The next step is to extend our definition to arbitrary real number $b$. The way how real numbers work is that rational numbers are dense in real numbers, which means we can obtain any real number $b$ as a limit of a sequence of rational numbers $(q_n)$. We would like that our definition of $a^b$ is continuous, i.e. $\lim_n a^{q_n} = a^{\lim_n q_n} = a^b$. However, since there are many different sequences $(q_n)$ of rational numbers that converge to the same real number $b$, to avoid discussion that our definition doesn't depend on the choice of sequence $(q_n)$, we can use the well known continuous function: $x\mapsto e^x$. How this is defined goes beyond the scope of high school but let us just assume that this function is given to us and that it satisfies the properties $e^{x+y} = e^x\cdot e^y$ and $e^0 = 1$ and $(e^b)^c = e^{bc}$. We can now define $$a^b = e^{b\ln a}\tag 5.$$ Note that this definition is reasonable, since $e^{b\ln a} = (e^{\ln a})^b = a^b$ for any rational number $b$, and since exponential function is continuous, we immediately get that $\lim_n a^{q_n} = \lim_n e^{q_n\ln a} = e^{\lim_n q_n\ln a} = e^{b\ln a}$, so our definition $(5)$ works beautifully for any real $b$ and $a>0$. It also generalizes all the previous definitions we gave.
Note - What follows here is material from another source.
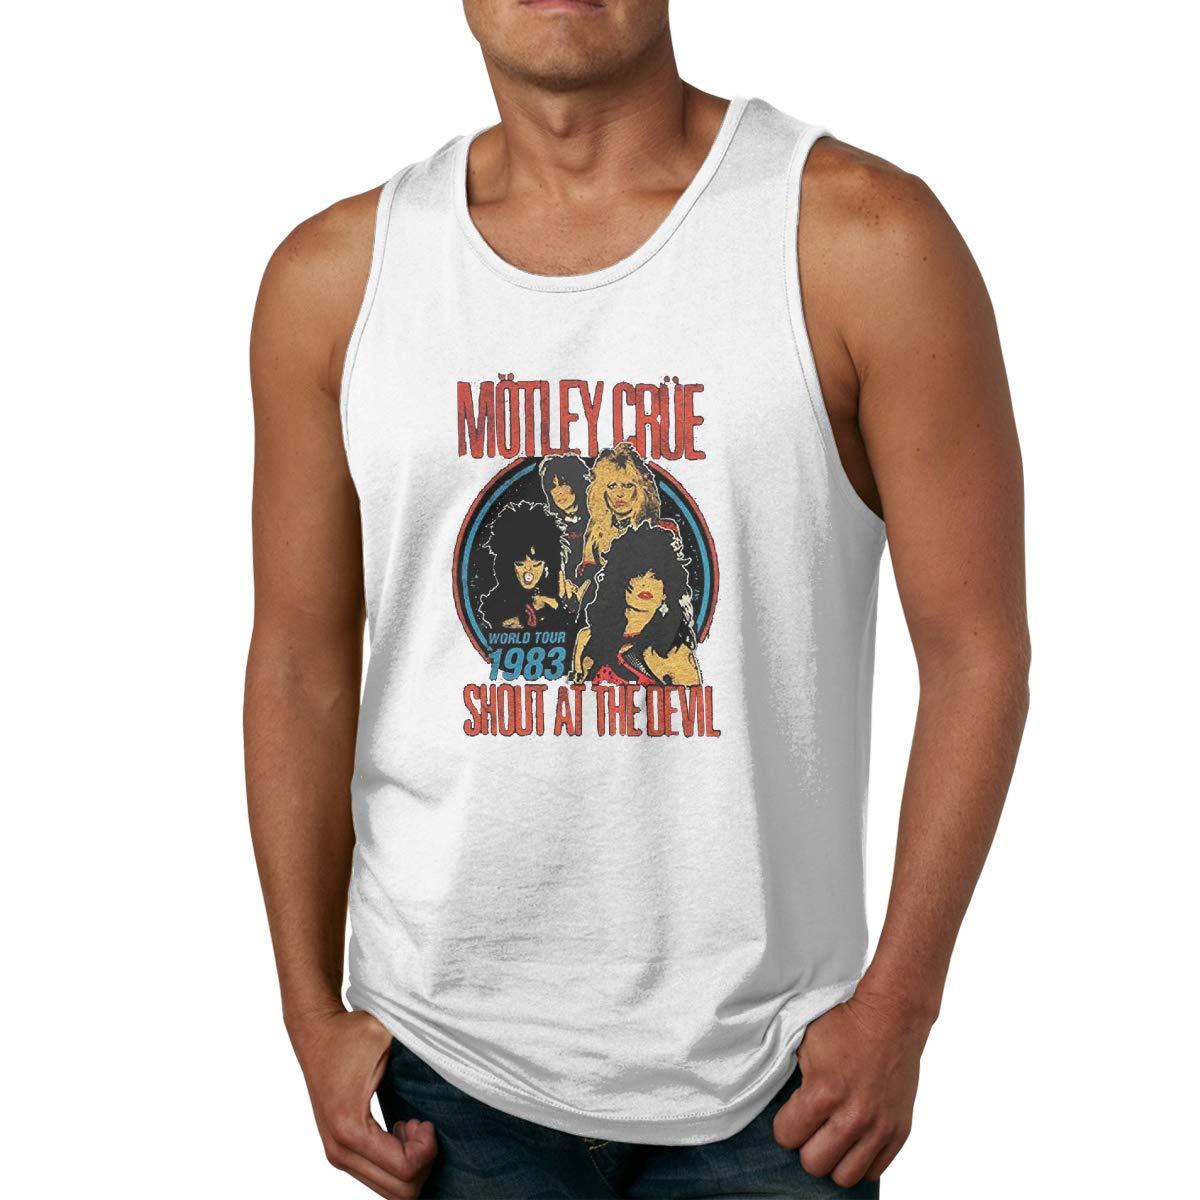 Motley Crue Vintage Shout At The Devil S Tank S 3 Shirts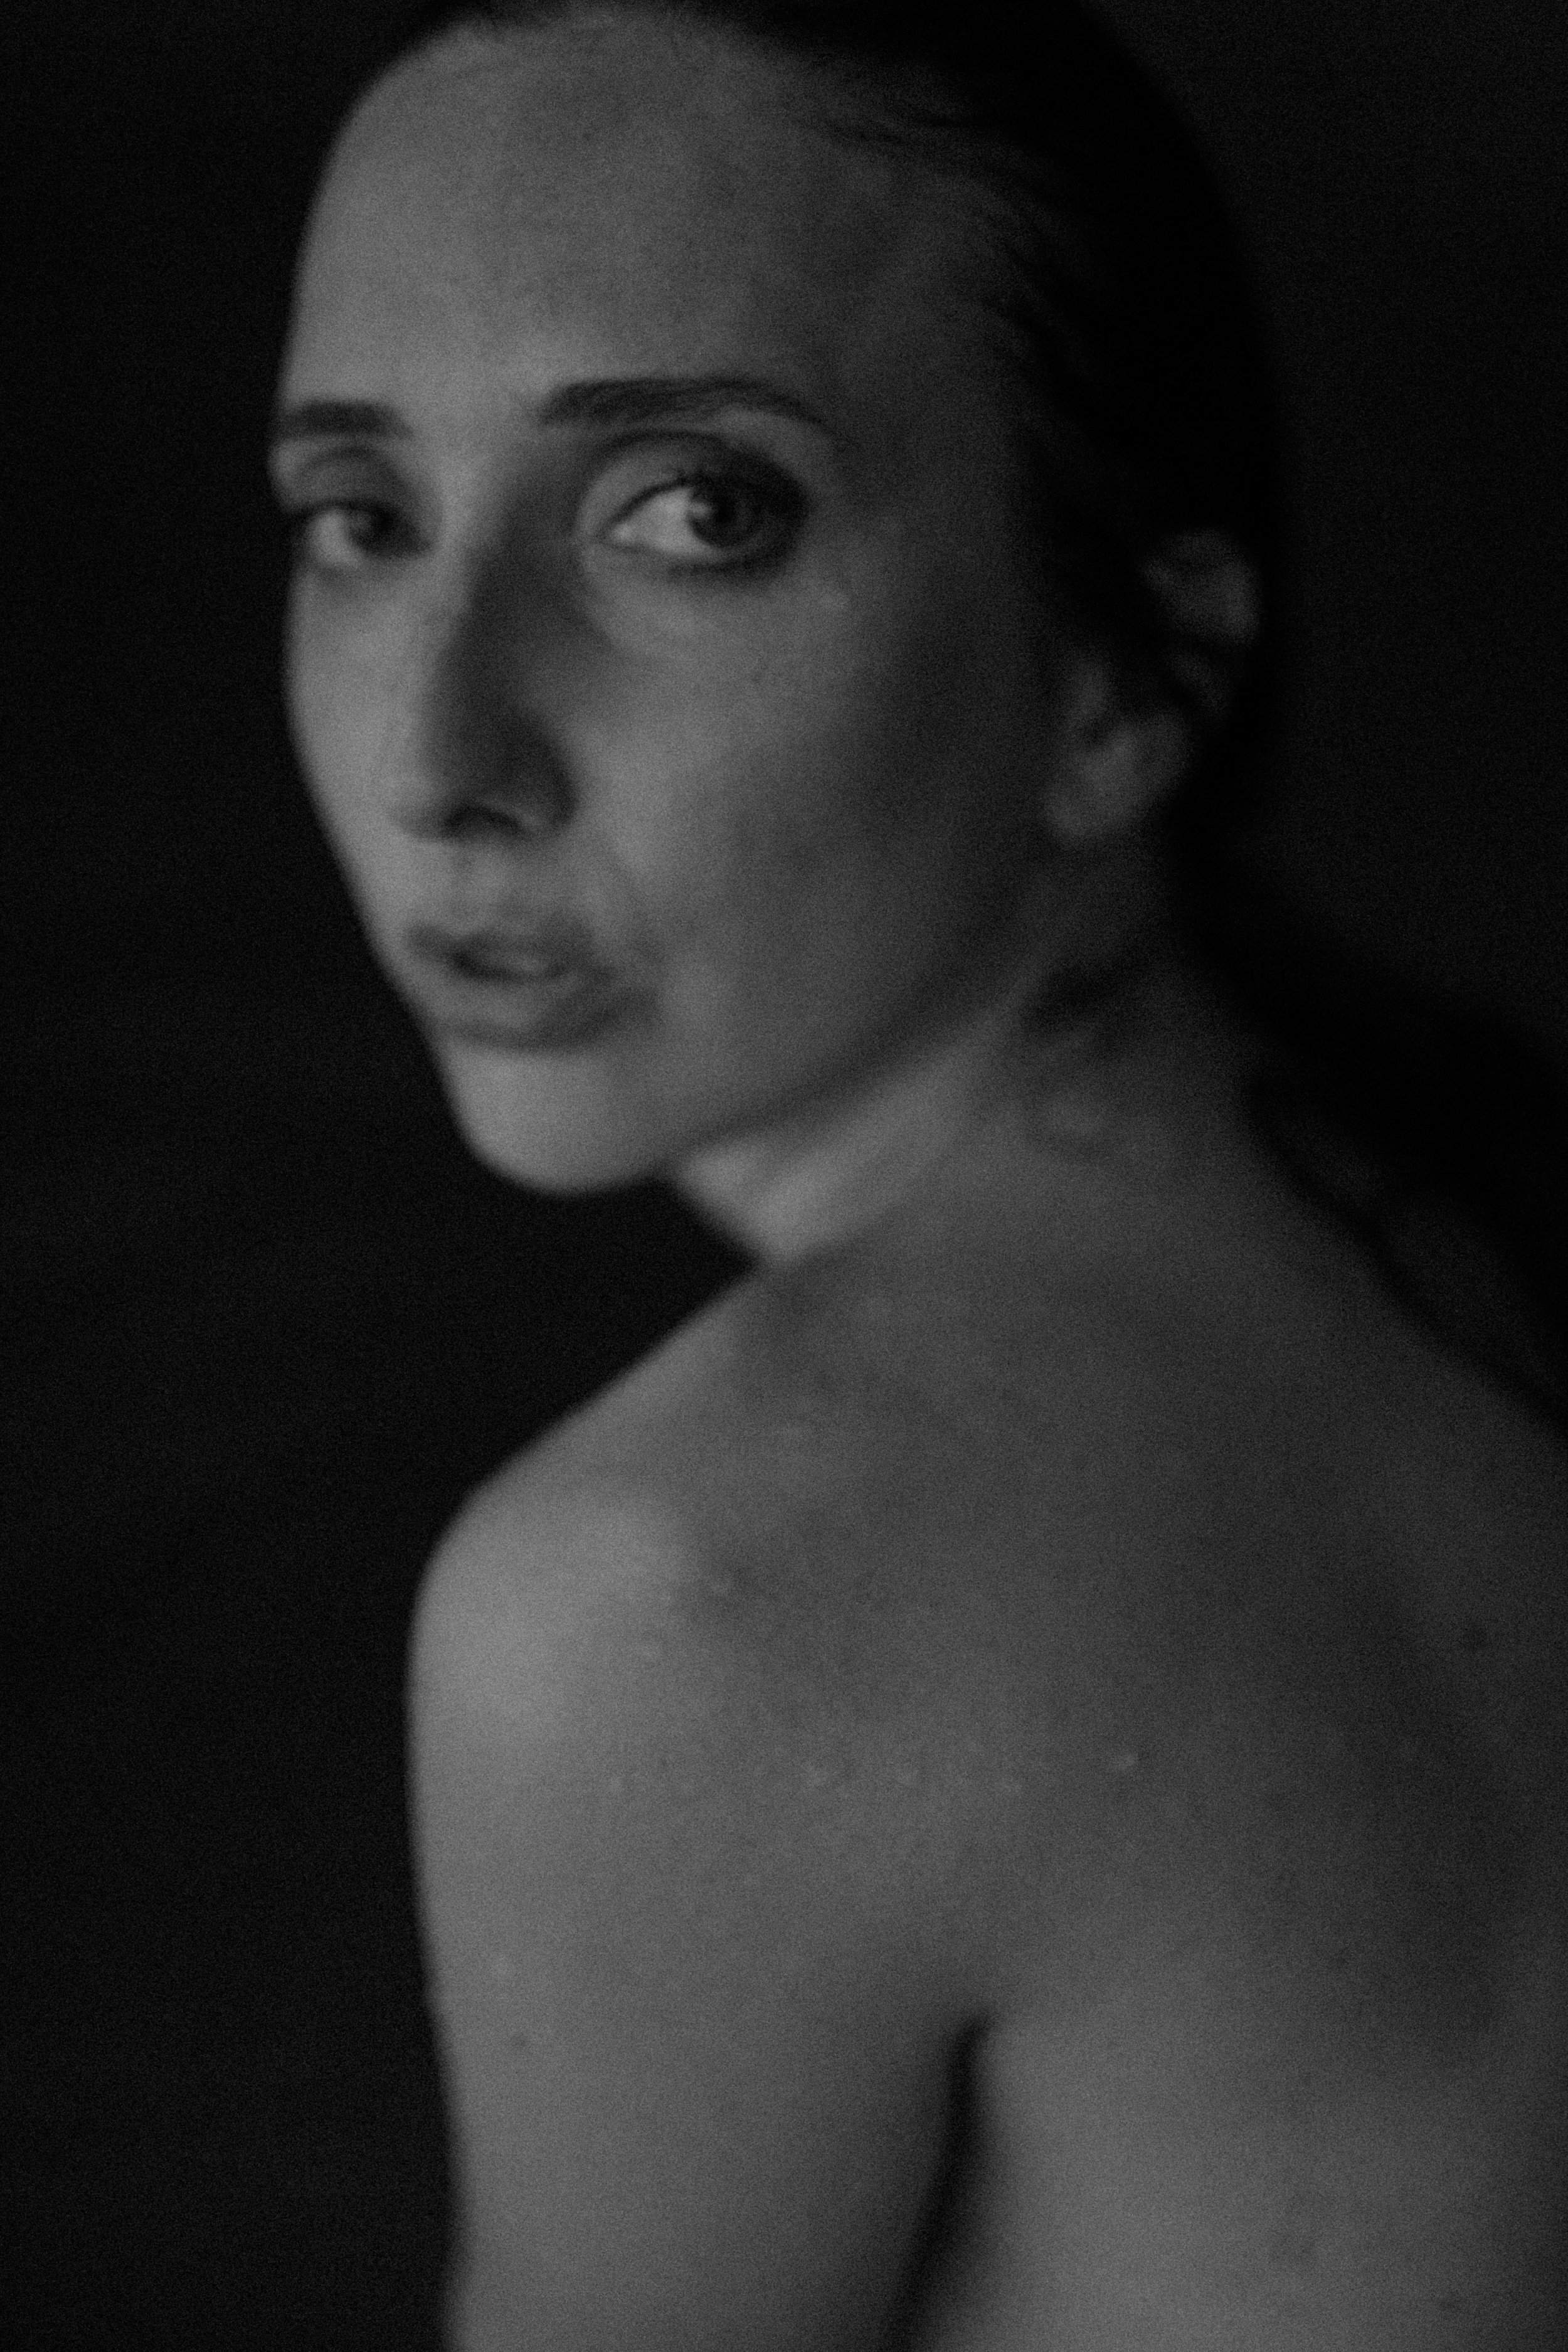 outdoor boudoir. boudoir inspiration. underwater nude. black and white portrait. underwater boudoir. art model. anoushanou. ohio boudoir photographer. sarah rose photography. i am sarah rose.

So, for any positive real number $a$, we can define a real function $x\mapsto a^x$ by the formula $a^x = e^{x\ln a}.$
At this point, it might have become clear where the problem is when $a$ is not a positive real: $\ln a$ is not a real number! To extend definition of $a^x$ for negative real numbers $a$, we need to deal with complex numbers and go to the field of complex analysis which is way beyond the scope of high school. I will not go there, but let me add something more about the problem
The problem with $a < 0$ first arises in considering definition $(3)$. You can see that there is absolutely no issue in definitions $(1)$ and $(2)$ since we are only dealing with multiplication and division, so something like $(-2)^{-3} = -1/8$ is not problematic at all.
Let's extend discussion of $(3)$ (and $(4)$). When $n$ is an odd positive integer, there is no problem with $\sqrt[n]a$ since for $a<0$ and odd positive integer $n$, there is always unique negative real solution to the equation $x^n = a$. For example, $\sqrt[3]{-1} = -1$. But, when $n$ is even, we have a problem, what is, for example $\sqrt{-1}$? The answers could be $i$ or $-i$ and usually we make a convention that $\sqrt{-1} = i$ because that convention is very useful when you consider quadratic formula. But it is not without any issues, you might have seen the famous wrong proof
$$1 = \sqrt 1 = \sqrt{(-1)\cdot(-1)} = \sqrt{-1}\cdot \sqrt{-1} = i\cdot i = -1,$$ which tells us that a rule like $\sqrt ab = \sqrt a\cdot\sqrt b$ falls apart when we are not dealing with positive $a$ and $b$.
Furthermore, what is $\sqrt[4]{-4}$? You can check that $(1+i)^4 = (1-i)^4 = (-1+i)^4 = (-1-i)^4 = -4$. What do we choose now?
Whatever we would choose, we break the rule $(a^b)^c = a^{bc}$, for example
$$4 = ((-4)^4)^{1/4} \neq ((-4)^{\frac 14})^4 = -4.$$
To systematically deal with problems like these one needs to take definition $(5)$ and extend definition of logarithm to (almost) all complex numbers. But we are now leaving the realm of real numbers and real analysis.